* WHAT YOU NEED TO DO:
Give the data again word for word; drop the pictures.

* TASK MATERIAL:
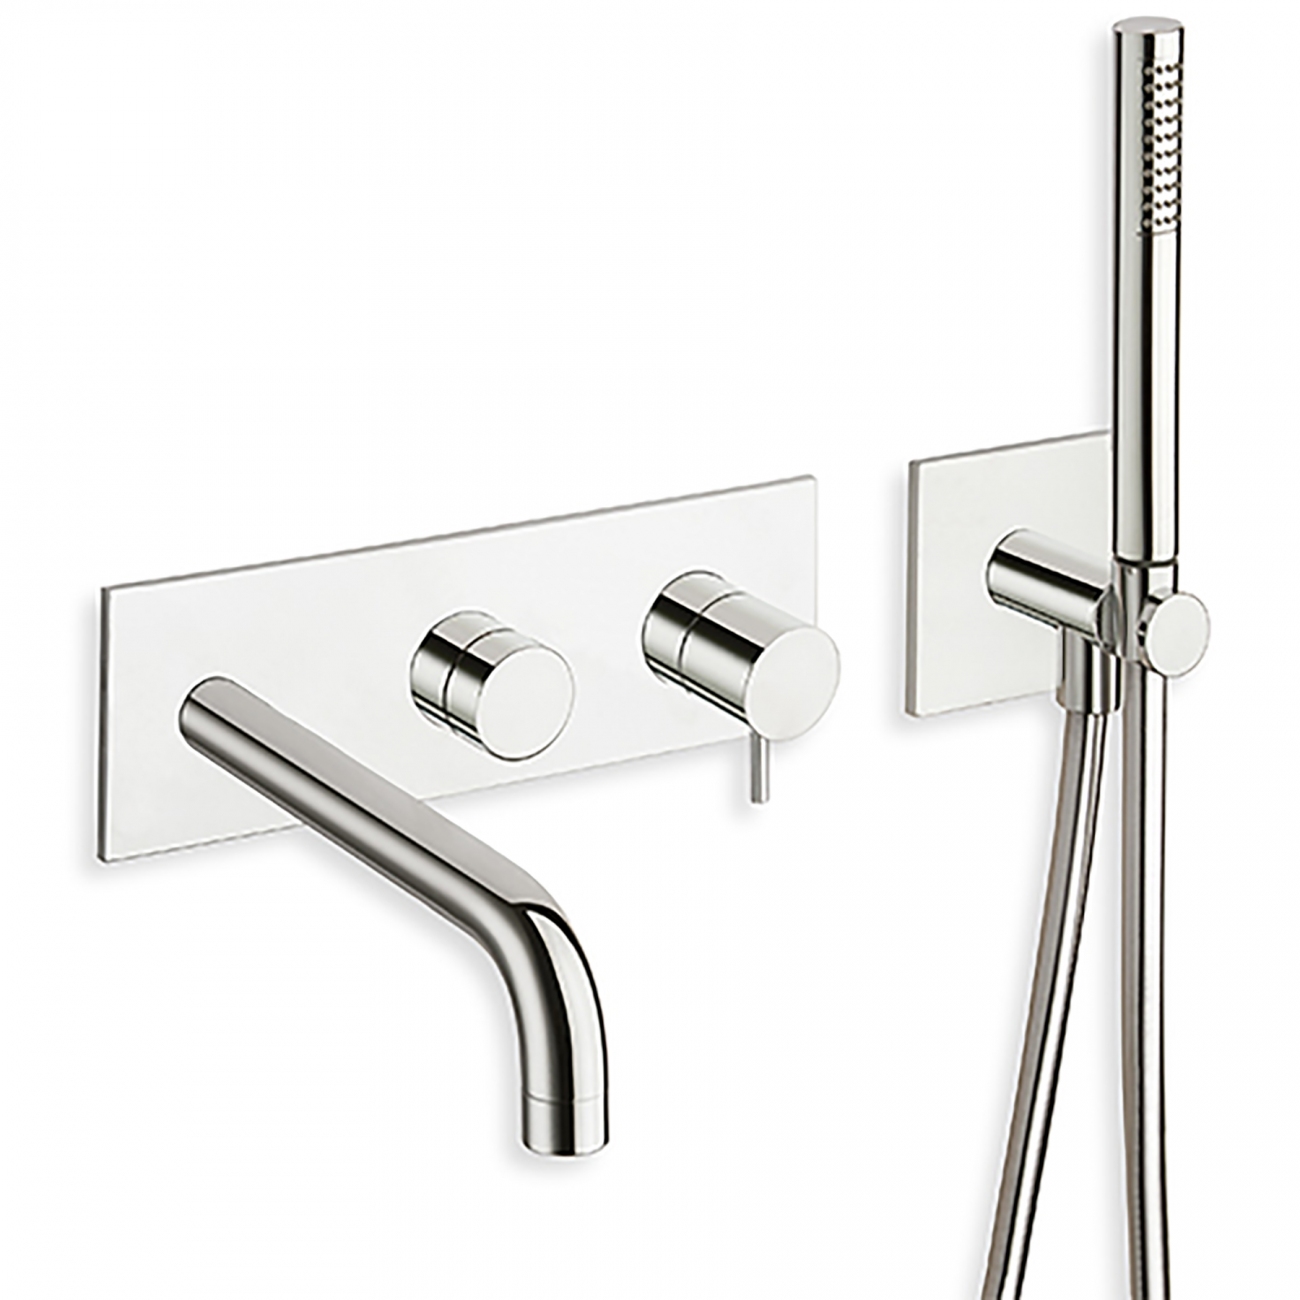 Cristina Contemporary Lines Tricolore Verde Wall Mounted Shower Bath Mixer Group
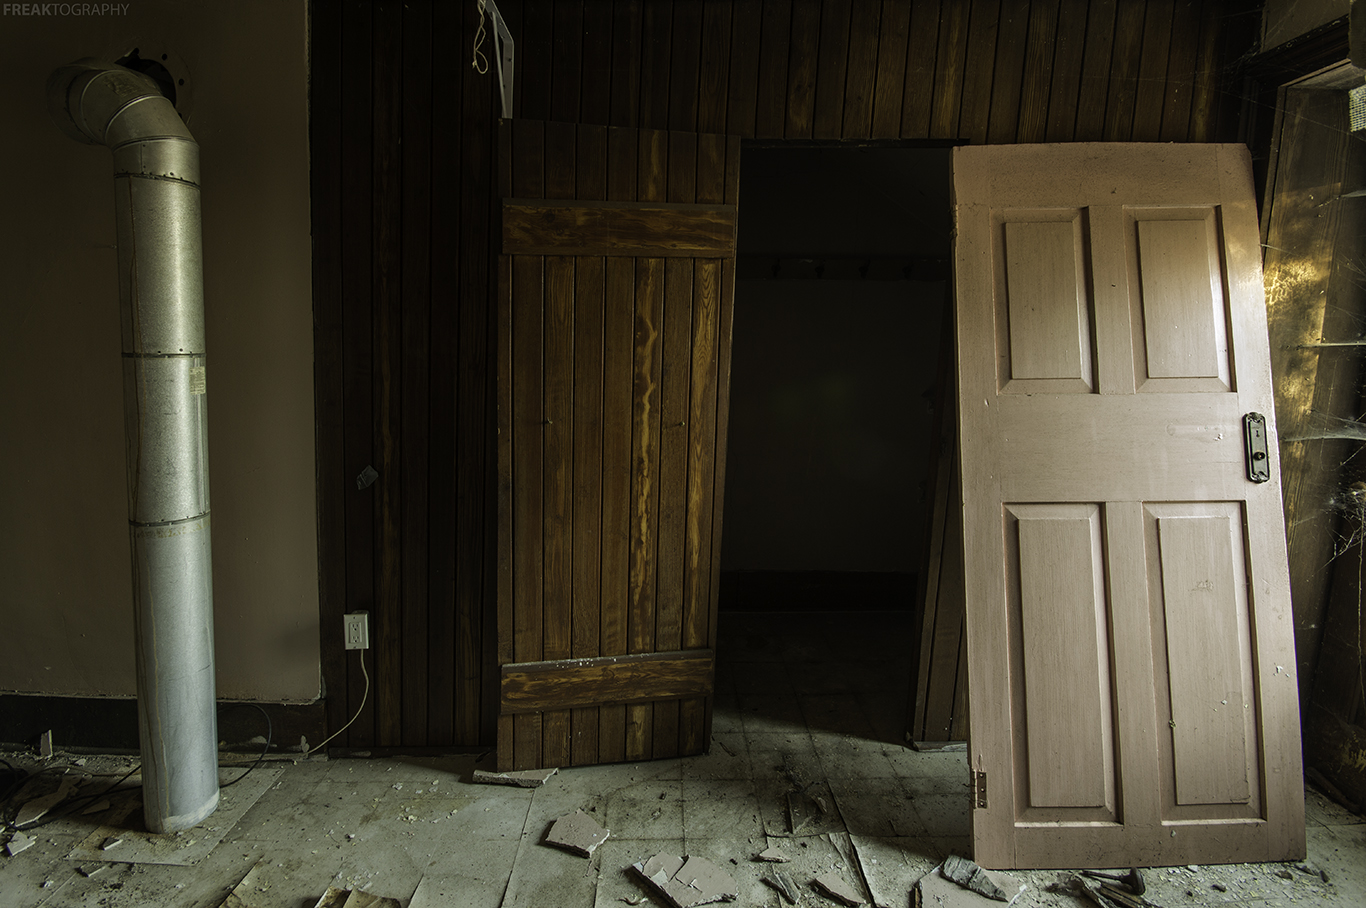 A simple scene found in an abandoned house.
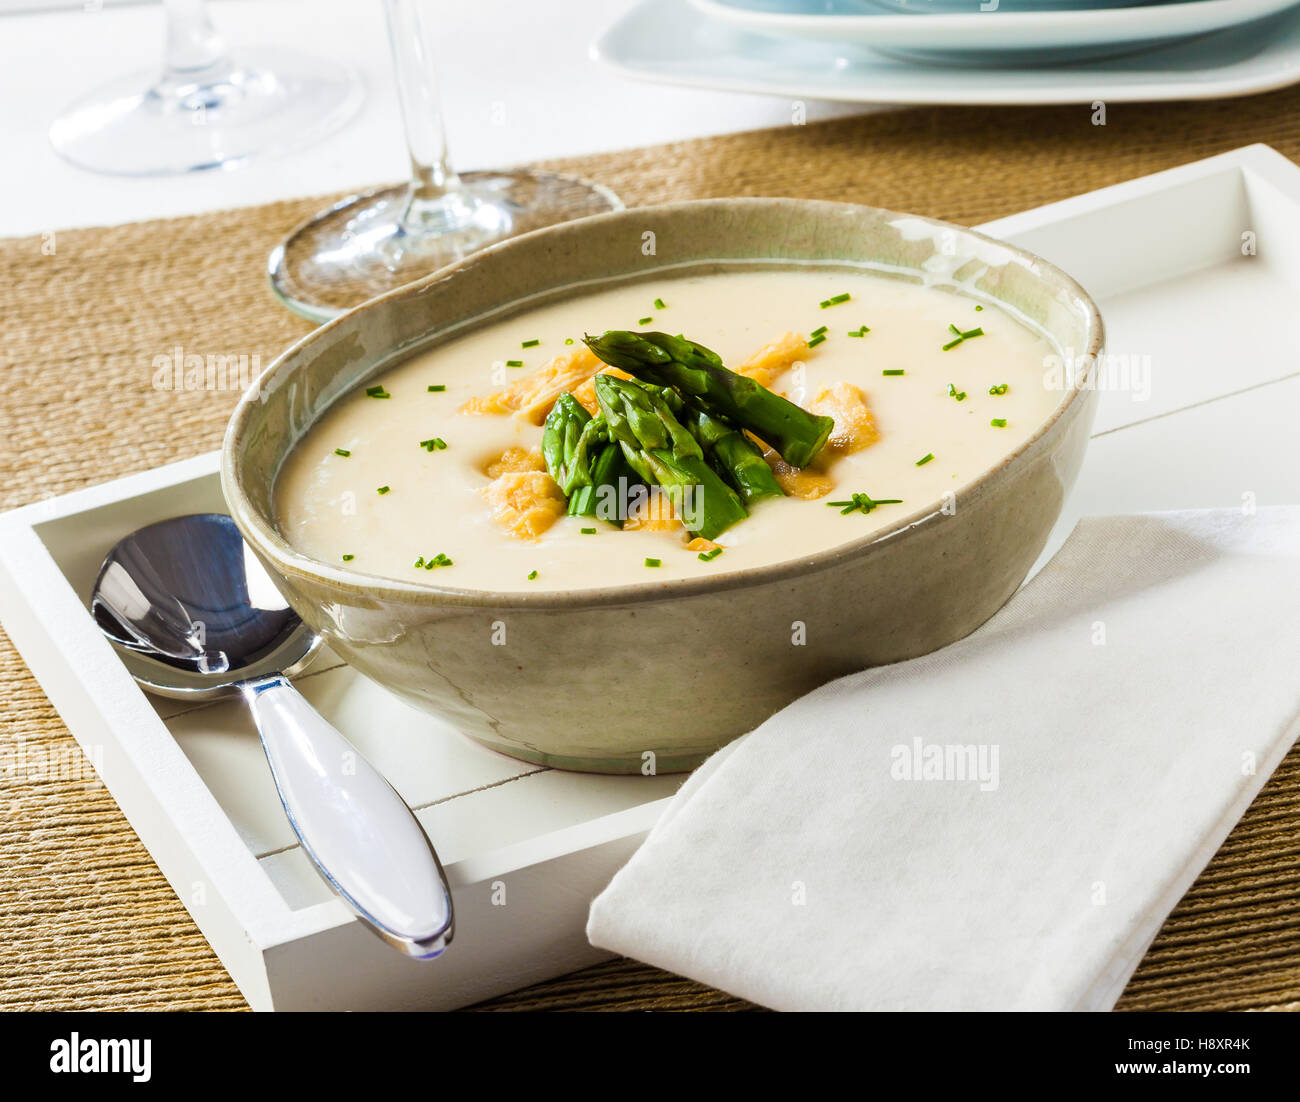 Asparagus cream soup with chicken in a bowl on a white tray. Stock Photo
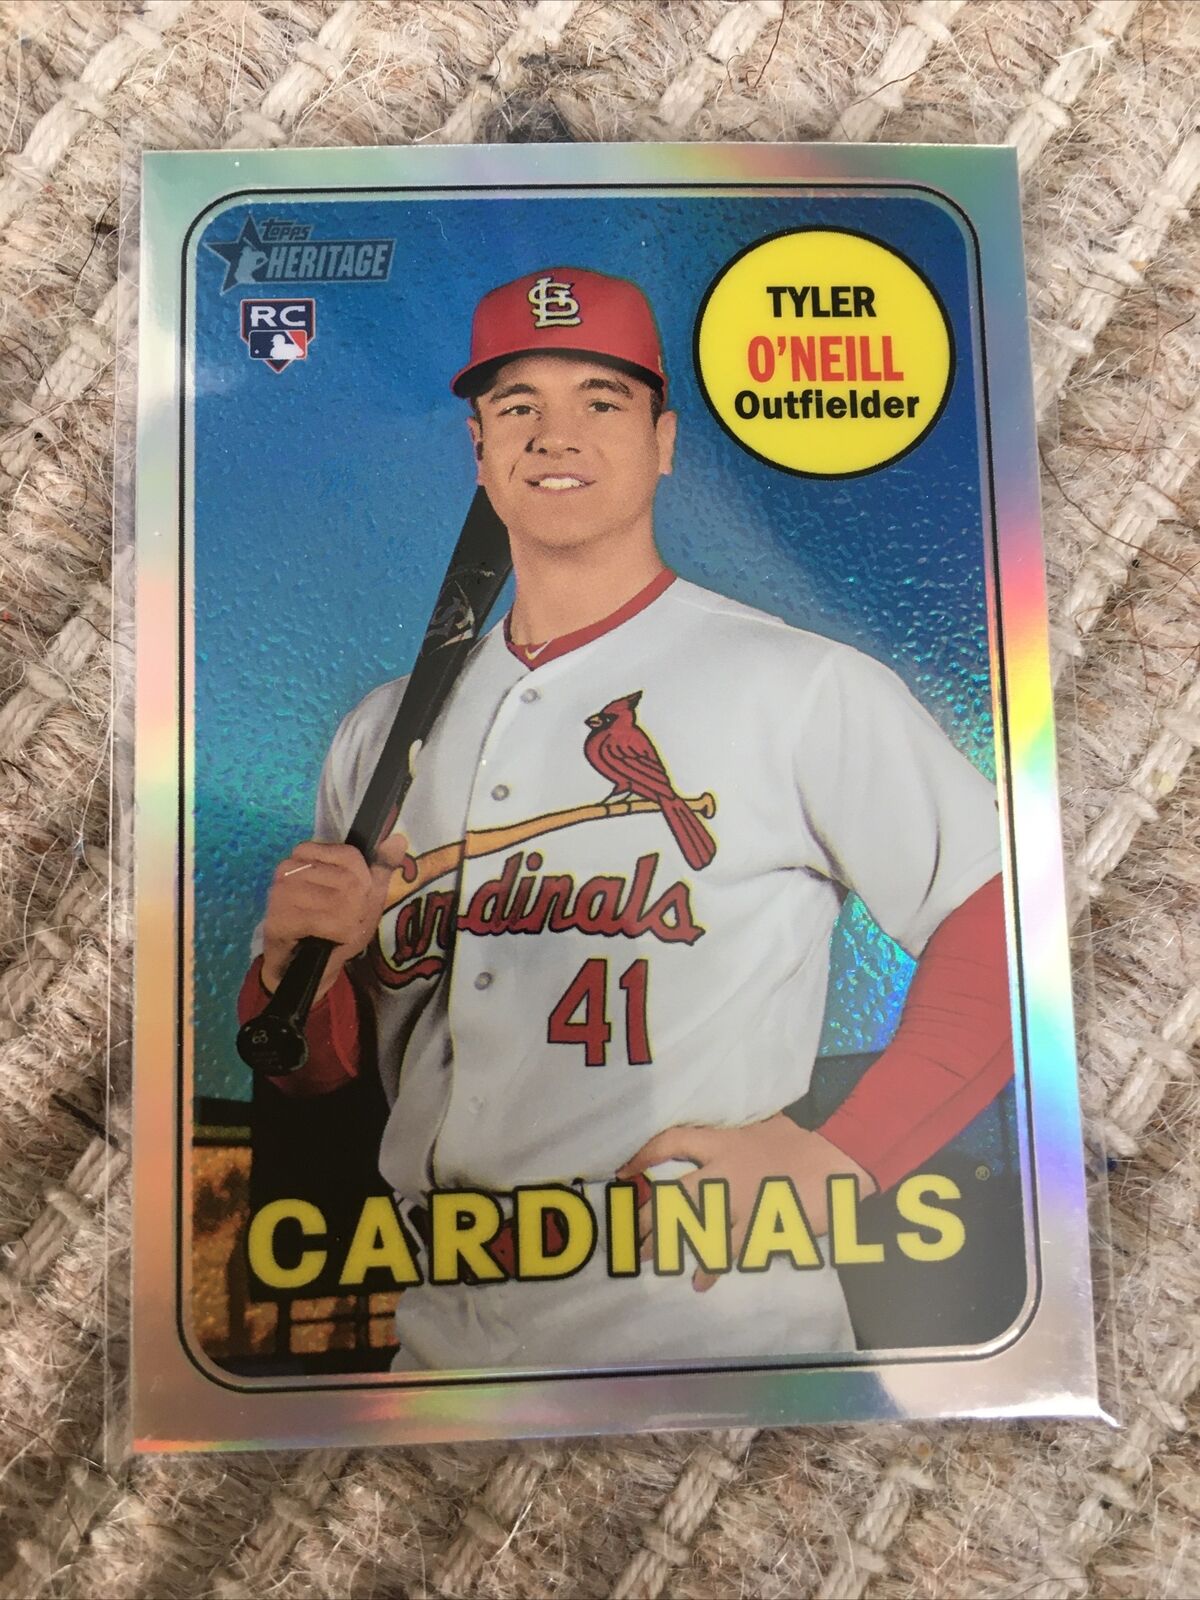 2018 Topps Heritage High Number TYLER O'NEILL RC Refractor Chrome #412/569
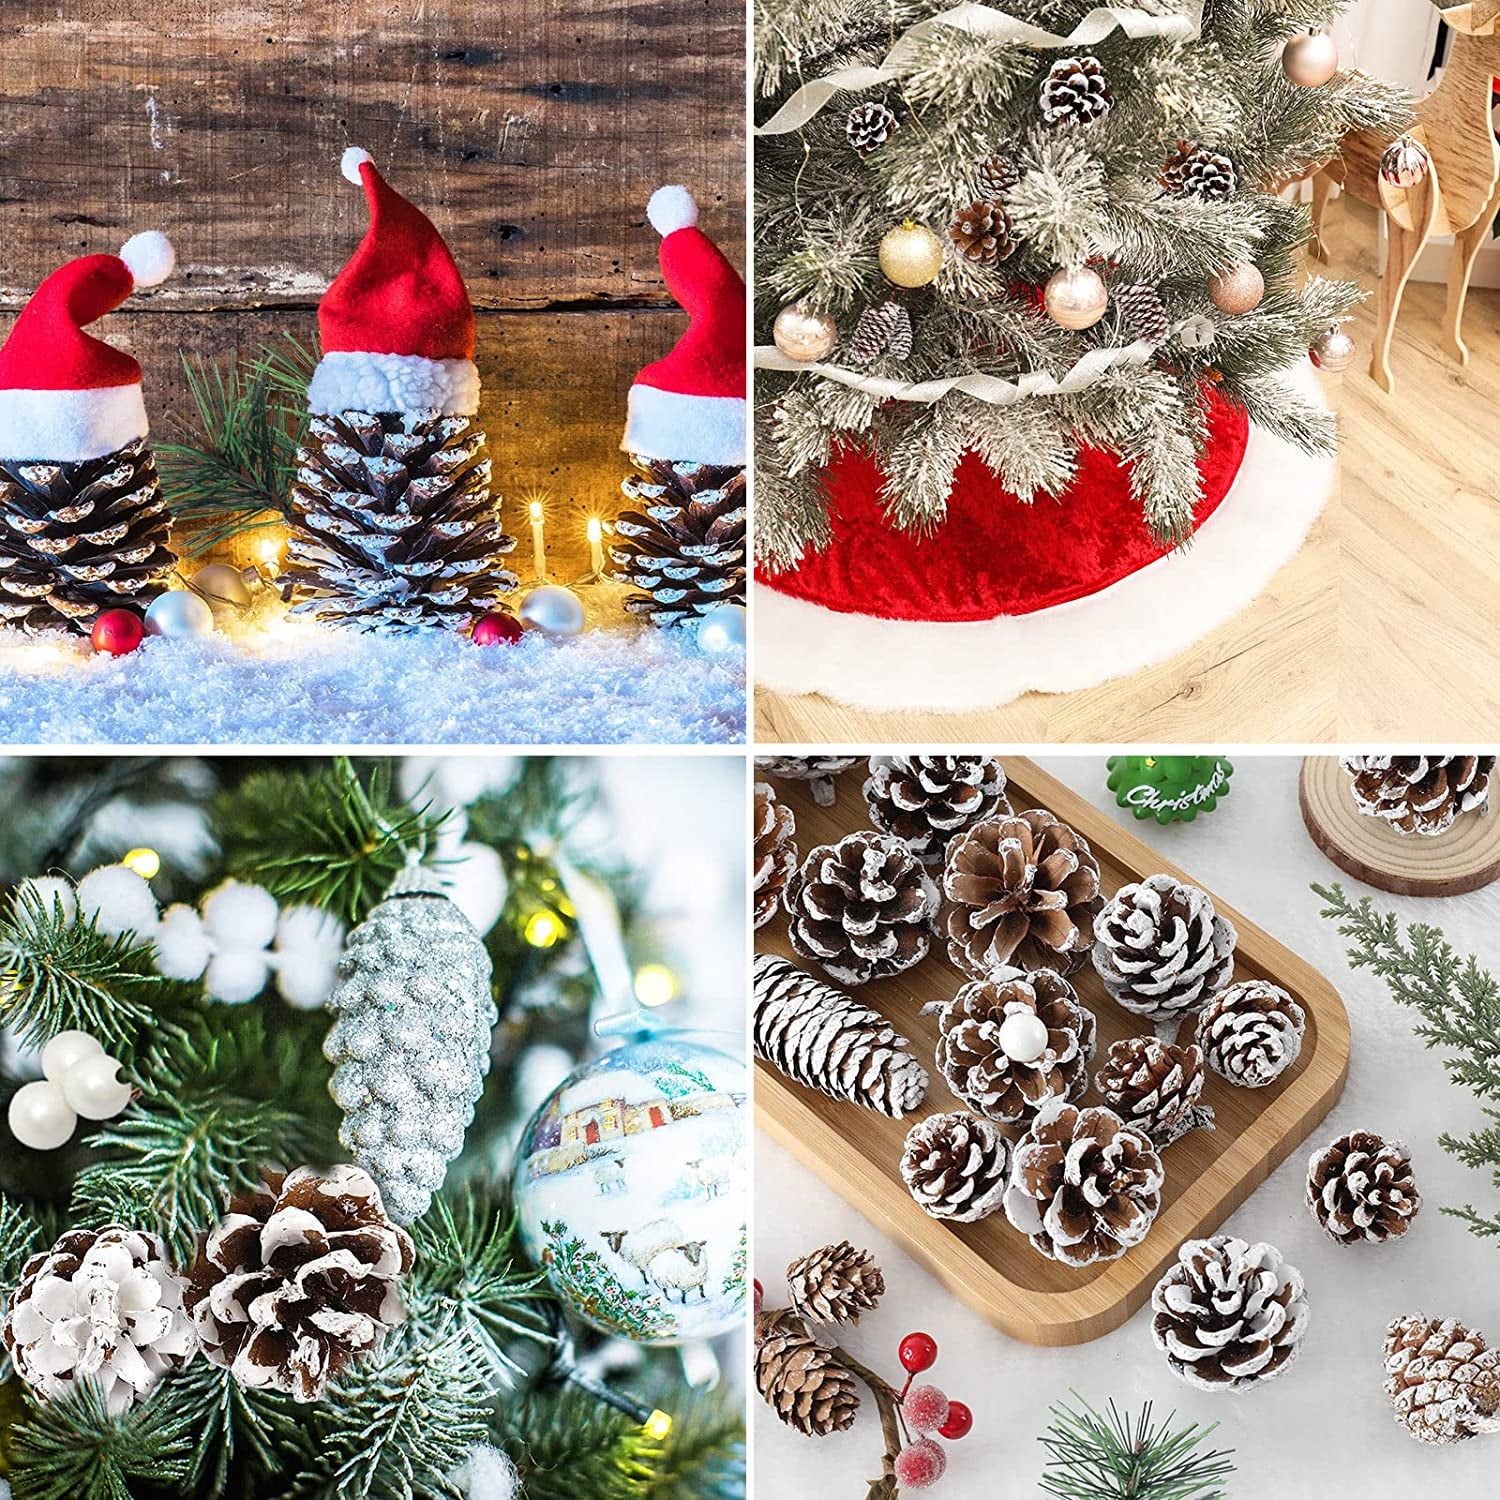  JOHOUSE 24PCS Natural White Pine Cones for Winter and Christmas  Decor : Home & Kitchen

* SOLUTION TO THIS PROBLEM:
 Cristina Contemporary Lines Tricolore Verde Wall Mounted Shower Bath Mixer Group
 A simple scene found in an abandoned house.
 Asparagus cream soup with chicken in a bowl on a white tray. Stock Photo
 2018 Topps Heritage High Number TYLER O'NEILL RC Refractor Chrome #412/569
  JOHOUSE 24PCS Natural White Pine Cones for Winter and Christmas  Decor : Home & Kitchen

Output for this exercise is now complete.